Your task: Among the lines of the records below, copy those that hold the word "Restaurant".

====== Exercise input

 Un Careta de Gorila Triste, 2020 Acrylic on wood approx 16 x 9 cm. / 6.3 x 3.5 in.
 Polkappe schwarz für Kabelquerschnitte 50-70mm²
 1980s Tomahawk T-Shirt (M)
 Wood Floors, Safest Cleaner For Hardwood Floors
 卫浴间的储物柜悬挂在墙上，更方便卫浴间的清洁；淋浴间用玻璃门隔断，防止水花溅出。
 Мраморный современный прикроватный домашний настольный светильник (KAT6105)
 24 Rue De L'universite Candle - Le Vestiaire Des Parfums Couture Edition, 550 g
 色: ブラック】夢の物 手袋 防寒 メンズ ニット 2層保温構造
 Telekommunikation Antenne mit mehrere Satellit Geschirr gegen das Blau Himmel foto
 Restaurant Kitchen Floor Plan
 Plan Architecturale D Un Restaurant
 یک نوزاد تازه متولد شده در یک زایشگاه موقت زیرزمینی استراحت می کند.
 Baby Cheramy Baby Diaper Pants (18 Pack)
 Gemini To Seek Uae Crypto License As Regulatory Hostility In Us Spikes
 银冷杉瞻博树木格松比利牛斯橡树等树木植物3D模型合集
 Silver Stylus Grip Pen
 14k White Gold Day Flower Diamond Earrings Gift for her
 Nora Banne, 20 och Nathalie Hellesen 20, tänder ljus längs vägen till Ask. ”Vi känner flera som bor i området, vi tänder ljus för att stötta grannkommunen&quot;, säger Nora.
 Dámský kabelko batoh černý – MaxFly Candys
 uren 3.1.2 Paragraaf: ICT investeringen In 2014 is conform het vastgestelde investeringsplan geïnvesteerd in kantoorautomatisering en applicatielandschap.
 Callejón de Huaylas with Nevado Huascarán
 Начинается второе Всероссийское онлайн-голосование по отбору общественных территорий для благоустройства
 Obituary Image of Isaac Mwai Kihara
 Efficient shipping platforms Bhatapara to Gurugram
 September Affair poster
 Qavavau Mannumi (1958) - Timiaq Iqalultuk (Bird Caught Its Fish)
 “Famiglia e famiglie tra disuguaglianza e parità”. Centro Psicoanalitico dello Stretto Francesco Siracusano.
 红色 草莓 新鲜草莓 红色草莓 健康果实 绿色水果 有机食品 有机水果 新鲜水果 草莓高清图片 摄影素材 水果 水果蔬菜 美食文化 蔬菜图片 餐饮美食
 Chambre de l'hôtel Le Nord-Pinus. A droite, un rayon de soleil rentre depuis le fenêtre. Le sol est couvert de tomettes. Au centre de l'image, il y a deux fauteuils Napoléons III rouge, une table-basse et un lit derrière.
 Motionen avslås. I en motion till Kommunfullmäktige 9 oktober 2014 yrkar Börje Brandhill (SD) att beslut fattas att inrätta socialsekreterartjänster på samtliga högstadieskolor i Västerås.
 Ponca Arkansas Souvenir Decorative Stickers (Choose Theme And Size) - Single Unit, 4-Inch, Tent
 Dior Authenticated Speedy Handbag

============

Solution:
 Restaurant Kitchen Floor Plan
 Plan Architecturale D Un Restaurant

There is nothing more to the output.